Андрей тихо заговорил тогда:
– Сулль за товаром скоро придет. Обещал, что может взять и меня с собой. В Норвегию, в Англию...
– Зачем?
– Поглядеть. Может, можно остаться...
По тому, как говорил он, Нюшка поняла, что это для него заветное. Вон чего допытывался тогда Смольков про разговор с Суллем.
Из Колы и раньше, были случаи, ссыльные уходили. Говорят, их даже исправник сильно не караулил: меньше ему хлопот.

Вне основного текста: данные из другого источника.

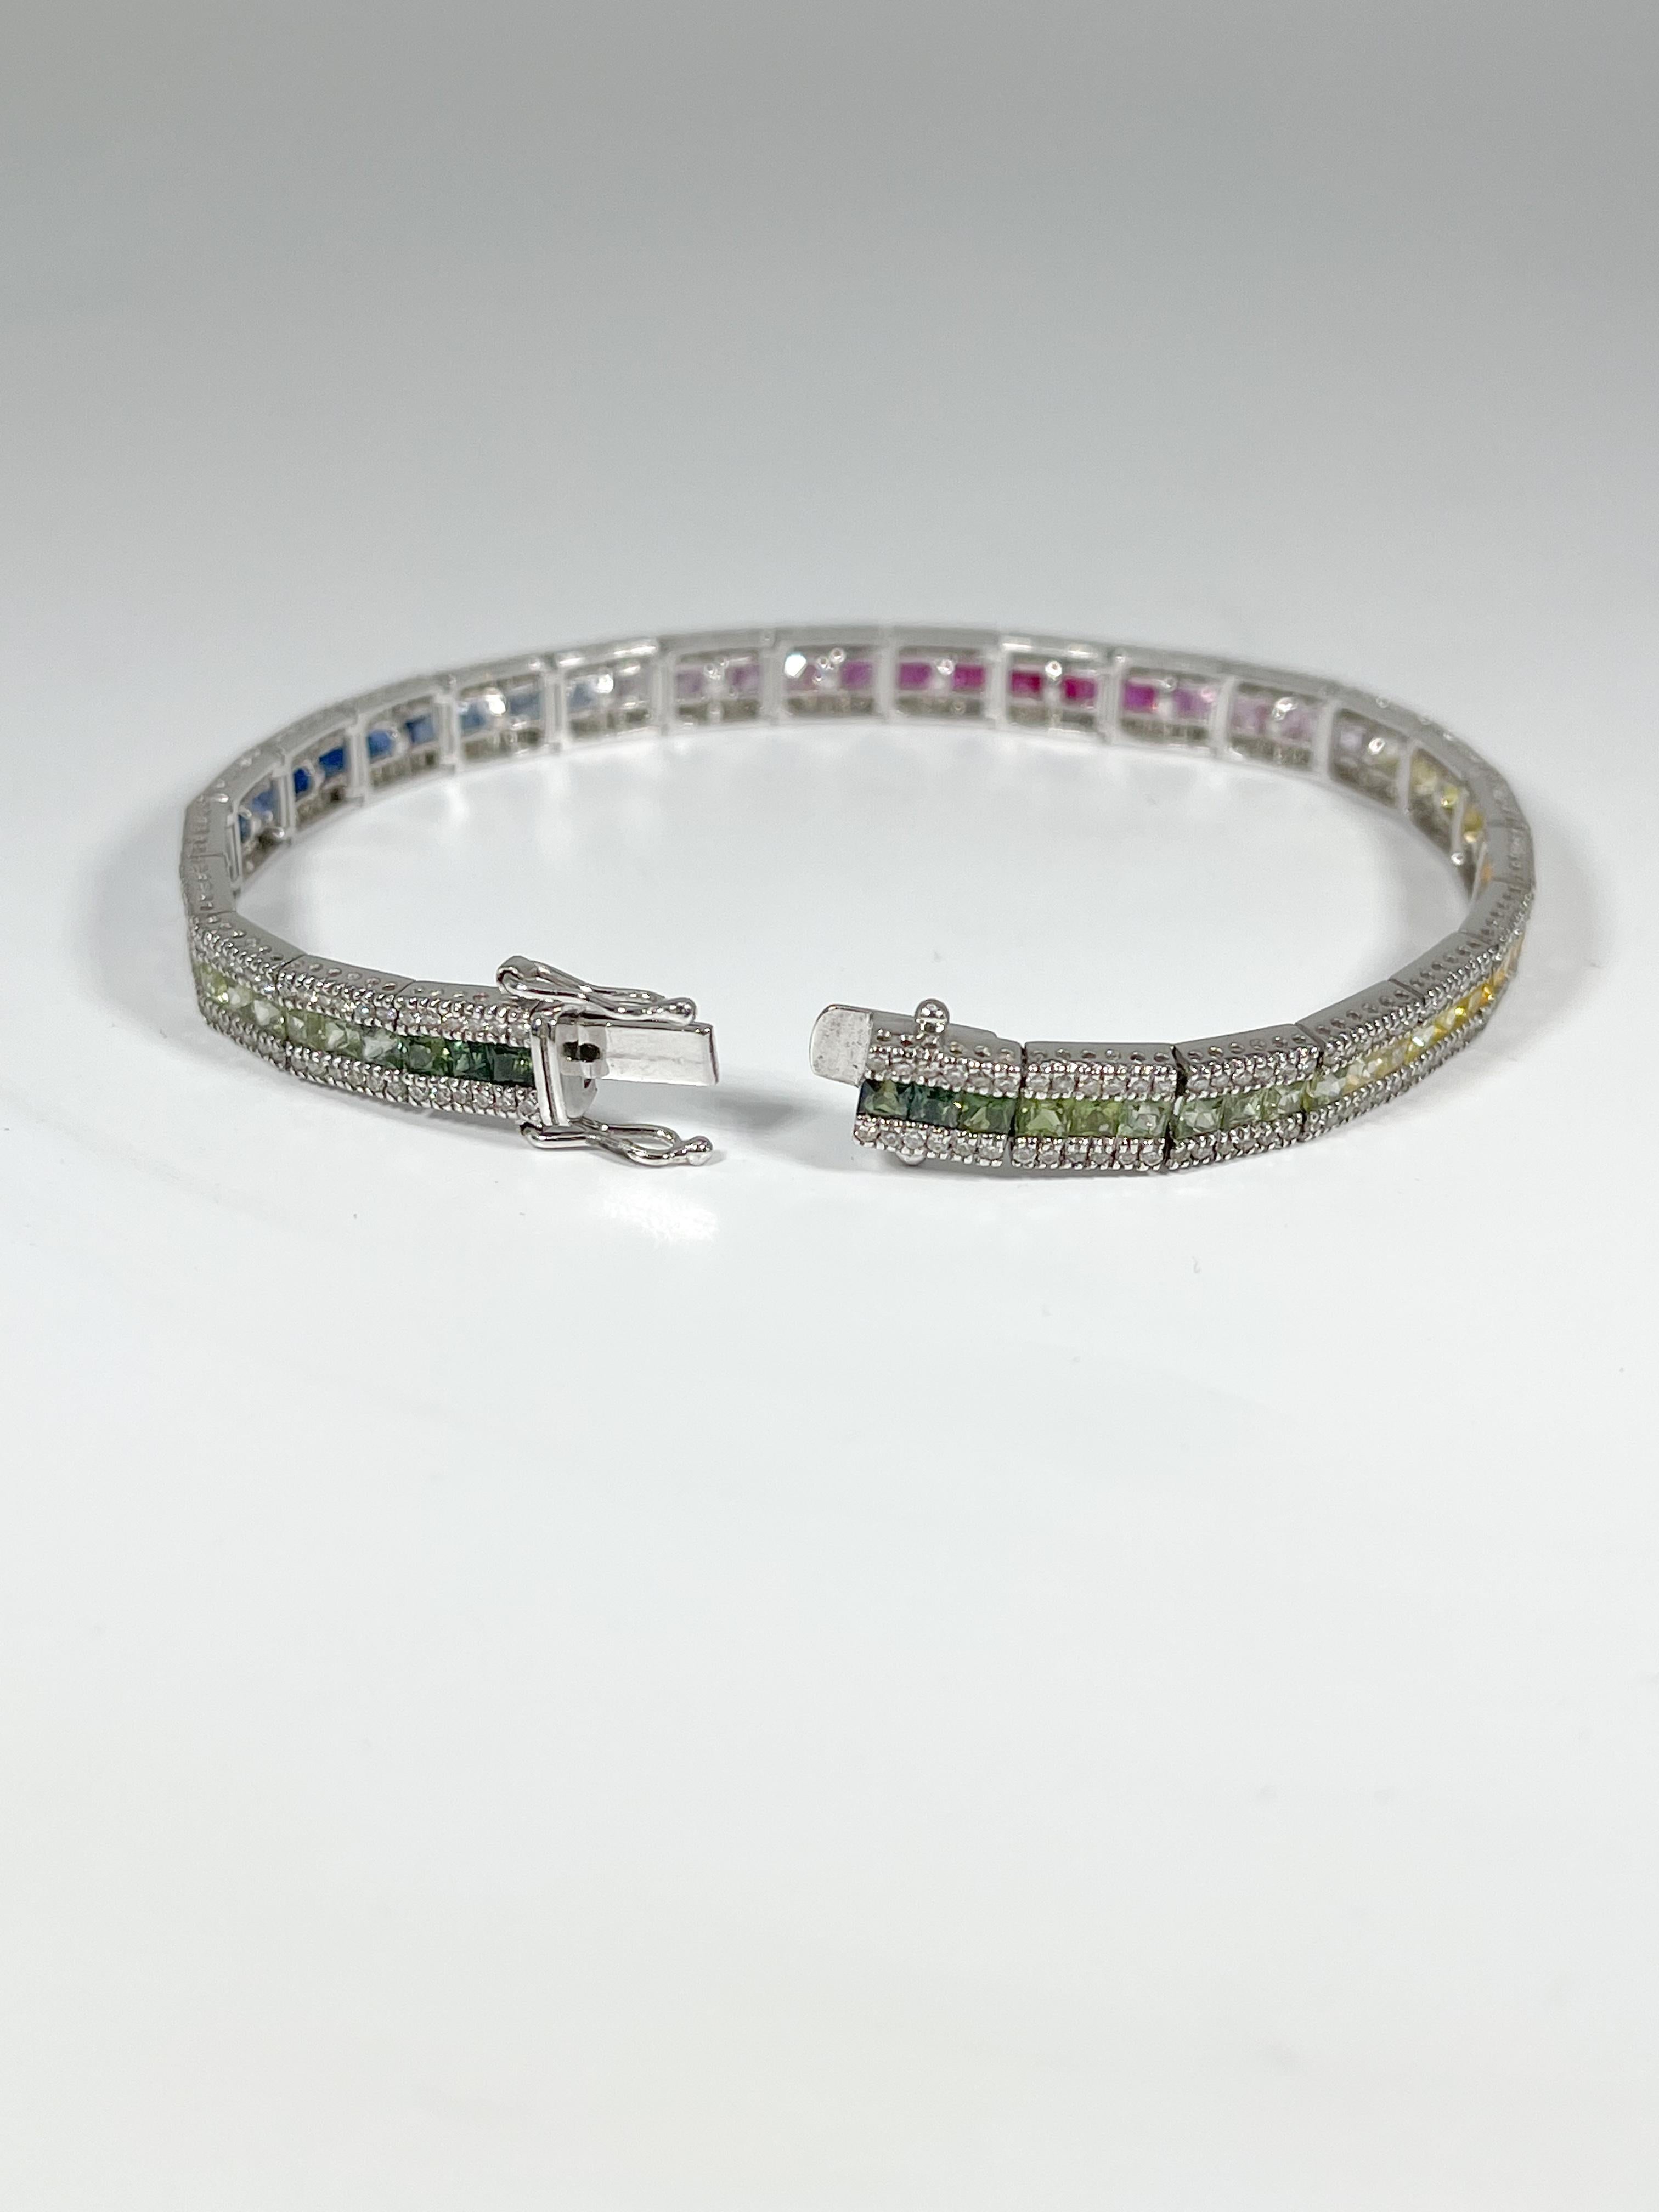 14k White Gold Colored 7.75 CTW Sapphire and 1.75 CTW Diamond Bracelet  For Sale 1

Но коляне таких осуждали.
Спросила жестко Андрея:
– А там что для тебя? Мед? Калачи растут на березах?
– Сулль говорит: два-три года – и можно получить паспорт.
– Сулль говорит! – передразнила ядовито Нюшка. – Оттуда никто еще не вернулся с паспортом. А говорят, все хотели бы. Чужбина страшна, Андрюшенька. Не только разговор, и вера другая.
– Я везде на чужбине...
– Ты? Нет, Андрюшенька, ты про нее не знаешь. Летом коляне в Норвегах бывают. Чего бы там не остаться? Никто не держит. А вот беглые, какие там есть, приходят к нашим судам, со слезами просятся просто поговорить. От тоски по родной стороне мрут. Сказывают, хуже этой болезни на свете нет.
Андрей отстранил ее, сел на сене.
– Это ты про тоску ничего не знаешь. Только от других слышала. Как вы тут живете, все хотели бы. Вздумал – парус поставил, пошел в Архангельск. А то и в Норвеги. Или куда подальше. Никакой крестьянской заботы. Не боятся неурожая, голода. Море всегда прокормит. Ни бар тебе, ни плетей. Что сумел заработать, себе и карман. Не пропил – суконная тройка, бабам шали цветастые. Как у Христа за пазухой. Я бы тоже хотел так жить... А вот когда тебе ни в чем воли нет... Когда зуботычины постоянно... Когда спиною даже во сне боль слышишь... На любую тоску согласен. Только чтобы как люди жить...
...Бабуся вроде спросила ее о чем-то. Но Нюшка задумалась и не слышала. Спустя только время дошел до нее бабусин голос.
– Ты что-то меня спросила?
– Спросила... Показалось мне будто: ты за Кира не хочешь теперь идти?
За Кира? Нет, в этом бабусю обманывать не хотела.
– И не только теперь, – вздохнула. – Никогда не пойду.
– Чего же? Может, мне скажешь?
Нюшка выдержала строгий, с укором взгляд и отрезала для себя пути.
– Ему нужно только судно. А я не царевна из сказки у моря ждать. – И неожиданно для самой глаза заполнились слезами, губы скривились, и Нюшка срывающимся в плач голосом открыла самое сокровенное: – Я уже маленького себе хочу-у!
Все пережитое за последнее время: необходимость таиться и обманывать, опасенье за свою и Андрея судьбу, боязнь Кира, невозможность поделиться бедой с бабусей, – все это всколыхнулось разом. Нюшке жалко стало себя, она уронила на руки голову и заревела в голос.